This article will help you build a n8n video analyzer automation system using Google Gemini and n8n that can summarize, interpret, and describe videos—either uploaded from your computer or fetched directly from YouTube. It’s a powerful way to understand video content automatically without any coding.
You can download the full JSON template from this article and import it straight into n8n.
What This n8n Video Analyzer Workflow Does
This automation allows you to:
- Upload videos directly or use a YouTube link.
- Send the video to Google Gemini API for analysis.
- Wait and poll until processing is complete.
- Automatically generate a text-based summary of the video.
- Display detailed video descriptions or transcripts as output.
Essentially, this builds an automated video understanding system that can describe what happens in any video — like a human watching and summarizing it.
Step-by-Step Workflow
Step 1: Log Into n8n
Open n8n, go to your main dashboard, and click Import Workflow.
Choose the attached JSON template file.
Download JSON File: Click Here
Step 2: Open the Form Submission Node

The Form Trigger node lets you upload a video.
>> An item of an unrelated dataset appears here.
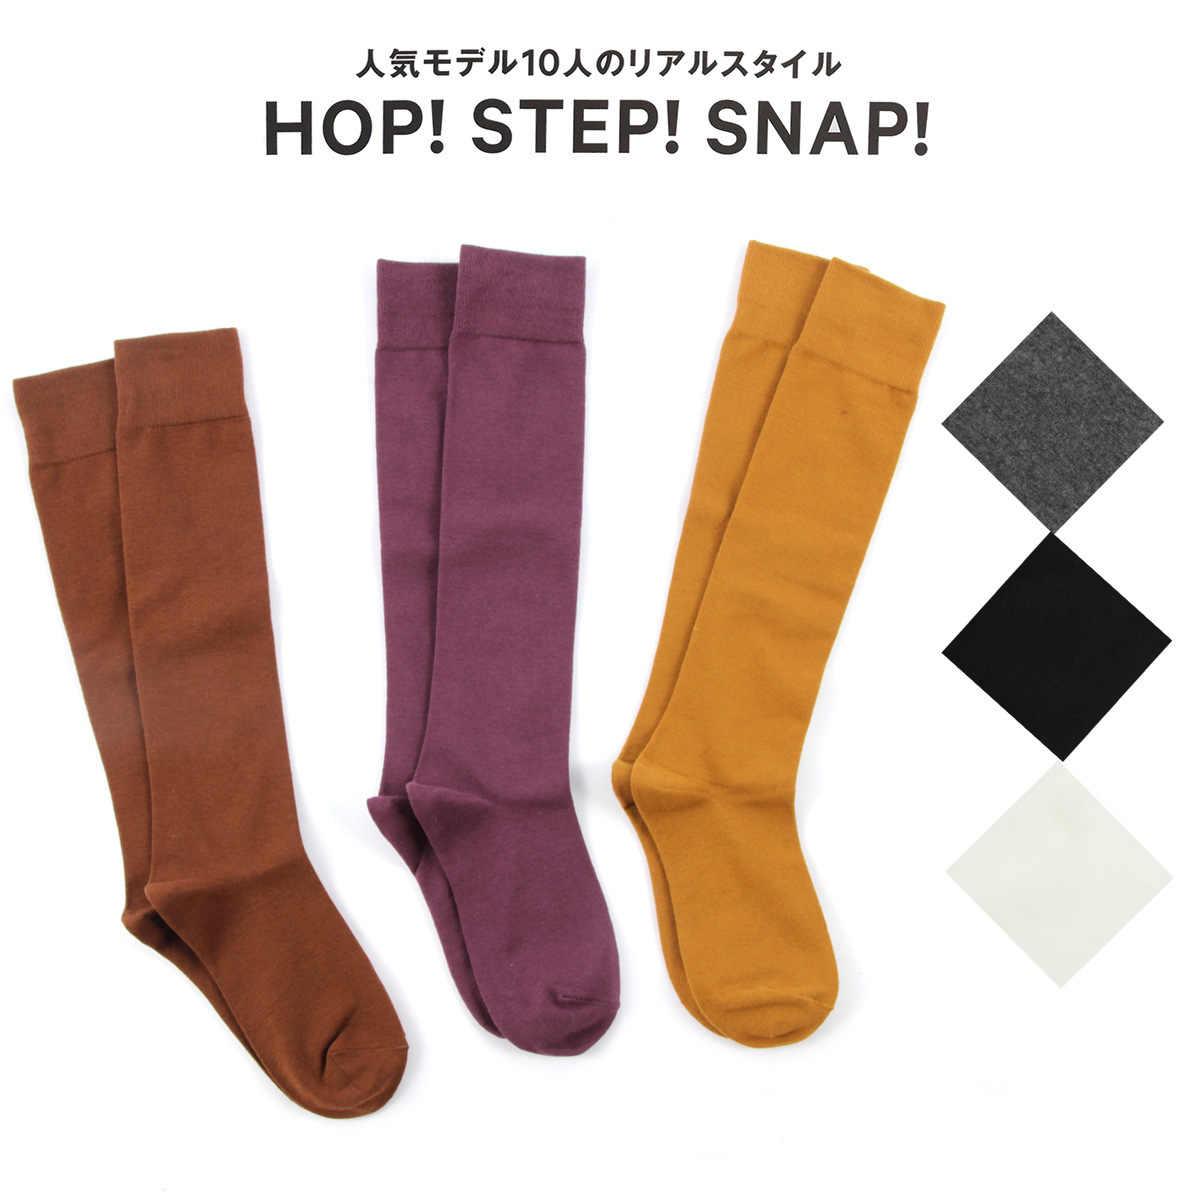 9ab5fa6d3 ... 2019 Fashion Women Stockings Warm Thigh High Knee Funny Cute Socks  School Girls Japanese Long Cotton

When you execute the workflow, a small form appears where you can drop in the file.
Form Fields:
- Video (required upload field — accepts
.mp4,.mov,.webm, etc.)
Step 3: Upload the Video to Gemini
After submission, the Upload File node sends the video to Gemini using HTTP.
This step includes setting up the upload headers — like file size, type, and name.
Technical fields (already included in template):
- Endpoint:
https://generativelanguage.googleapis.com/upload/v1beta/files - Authentication: Gemini API key (provided through a Google Developer account).
Step 4: Wait 5 Seconds
Once uploaded, the workflow pauses for 5 seconds using the Wait node.
This delay ensures Gemini has enough time to start processing before requesting analysis.
Step 5: Get the Analysis
The Get Analysis node sends a POST request to Gemini’s content generation model to analyze the uploaded video.
Key settings in the JSON body:
json{
"contents": [
{
"role": "user",
"parts": [
{ "fileData": { "fileUri": "{{ $json.file.uri }}", "mimeType": "{{ $json.file.mimeType }}" }},
{ "text": "Describe what's going on in the video in great detail." }
]
}
]
}
This makes Gemini return a detailed description of every event, person, or scene inside the video
Step 6: Polling for Video Completion
Sometimes the video takes longer to process. This is why the workflow includes a polling loop — repeatedly checking if the video analysis is complete.
Without polling, the workflow might try to get a response before Gemini finishes analyzing
Step 7: Extract and Format the Results
After Gemini finishes, the output text is retrieved using the Set node.
This step organizes the text and sets it as “Video Analysis Result.”
The summarized insights include:
- Scene-by-scene breakdowns
- Detected subjects and actions
- Backgrounds, moods, and narration cues
Step 8: Analyze YouTube Videos
The workflow can also analyze YouTube videos directly — no download needed!
The node titled “YouTube Video” sends a video link to Gemini, which analyzes not just the visuals but also audio and text content.
You can adjust the prompt here — for example:
- “Summarize this video in 3 sentences.”
- “List key takeaways from the video.”
- “Describe the main topics covered.”
Step 9: Retrieve the Final Output
The Get Results node collects Gemini’s reply and outputs the summary text.
Step 10: Review or Save the Analysis
Once done, you can view the full textual result inside n8n.
You could also extend the workflow by:
- Sending results to Google Sheets
- Emailing a report
- Creating summaries for YouTube videos in bulk
ALSO READ:
FAQs
What does this workflow do?
It analyzes video content using Google’s Gemini model. You can upload videos or paste YouTube URLs to automatically get a detailed description of everything happening in the video.
Do I need coding knowledge?
No. The workflow is fully visual and only needs your Google API key to work.
How do I get my Gemini API key?
Visit Google AI for Developers and sign in to create your free API key under the Developers section.
Can this workflow work on long videos?
Yes, though larger files take more time. The polling loop ensures Gemini finishes processing regardless of video duration.
Can I modify the output?
Absolutely. You can change the prompt message in “Get Analysis” node — for instance, make Gemini summarize in 5 points or generate short bullet highlights.
Can it analyze different file formats?
Yes, it supports MP4, MOV, and WebM formats by default.